Девгений решил добыть себе жену — прекрасную Стратиговну. Предприятие это почти безнадежно, так как всех претендентов на ее руку отец и братья убивали: «Многие помышляше о самом Стратиге и о Стратиговне, как бы им видети ея, да не збылося им». Кто ее увидит — не может «в сей день жив быти»[316]. Герой, согласно традиционно-мифологическому развитию сюжета, проникает во дворец Стратига в его отсутствие и похищает возлюбленную. Однако здесь сюжет получает неожиданное направление. Уже достигнув цели своего путешествия, герой обнаруживает, что,
Химеричность, практическая необоснованность военных планов также не ставится рыцарю в упрек. Игорь в «Слове…» ставит перед собой цель, нереалистичность которой в условиях конца XII в. очевидна, — пробиться с горстью воинов (дружины Игоря, его брата, сына и племянника составляли лишь незначительную часть объединенного войска русских князей) через всю Половецкую землю к Дону и восстановить старинный русский путь к Тьмутаракани. Мечтать об успехе подобного предприятия в эти годы не могли и объединенные силы Русской земли. Однако именно то, что план составлен без оглядки на практические возможности, составляет для рыцаря его привлекательность. Этот поход сулит наивысшую славу: «Нъ рекосте: „Мужаимѣся сами: преднюю славу сами похитимъ, а заднюю си сами подѣлимъ!“»[318]. Любопытно, что в этих словах Святослава стремление к славе связано с самовольным выходом из системы иерархического феодального подчинения, независимостью действий («мужаимъся сами»).

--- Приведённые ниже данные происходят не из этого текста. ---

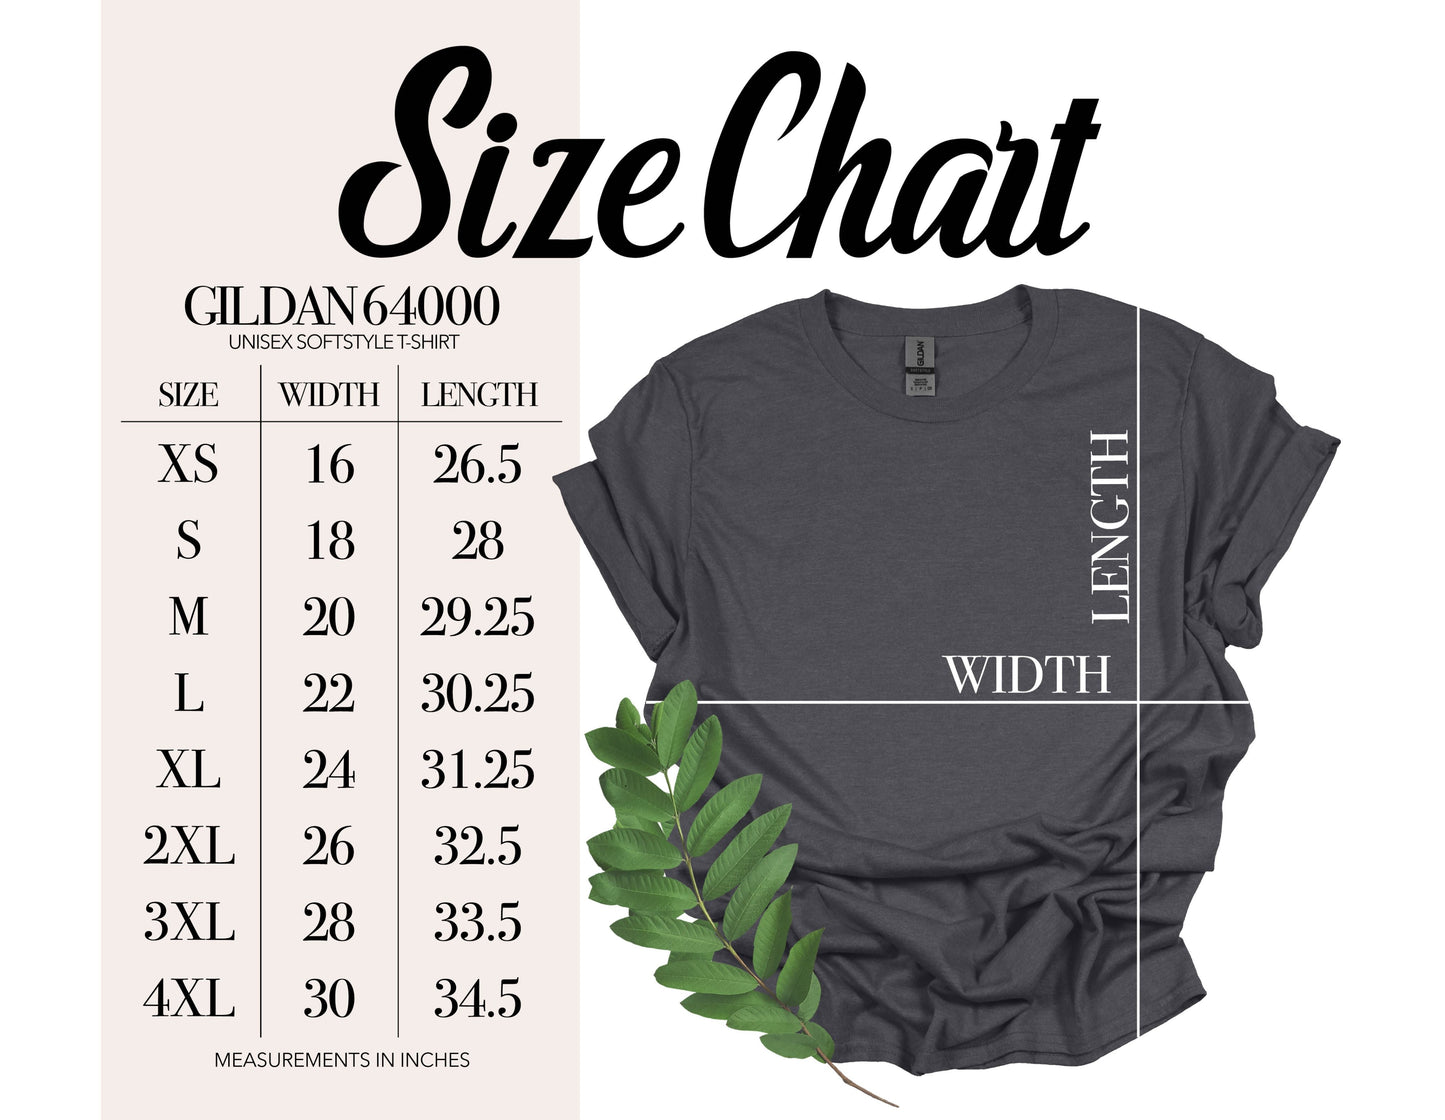 NOTE TO SELF T-SHIRT - Premium T-Shirt from Ninez Designz Custom Creations LLC - Just $20! Shop now at Ninez Designz

Однако Игорь, присвоивший себе нормы поведения сюзерена (славу), — на самом деле вассал Киевского князя. И действия его измеряются с иной точки зрения, другой меркой — честью, т. е. успешностью действий, их результативностью для великого князя Киевского, интересы которого отождествлены с выгодами всей земли: «худого смерда», вдовицы и сироты. Так возникает непонятная нам антиномия: славная, но бесчестная битва («Рано еста начала Половецкую землю мечи цвълити, а себъ славы искати; нъ нечестно одолѣ сте, нечестно бо кровь поганую пролиясте»[319]). Только в свете такого противопоставления «славы» и «чести» становится понятным и двойственная оценка действия героя, и, например, совершенно непонятная для современного читателя формула, утверждающая, что Всеволод в жару битвы забыл жизнь и честь (!) — «Забывъ чти и живота». Уже первые издатели перевели это как «забыв почести и веселую жизнь». Однако надо иметь в виду, что, видимо, не всякая почесть, а именно материально выраженный знак доблести определяется этим термином. Вероятно, точнее будет перевести: «отчаявшись жизни» (по типу «отчаявся живота» в «Молении Даниила Заточника») и «не думая о (почетной) добыче» (т. е. «не рассчитывая на успех»), «забыв честь», поскольку стремится к высшему — славе.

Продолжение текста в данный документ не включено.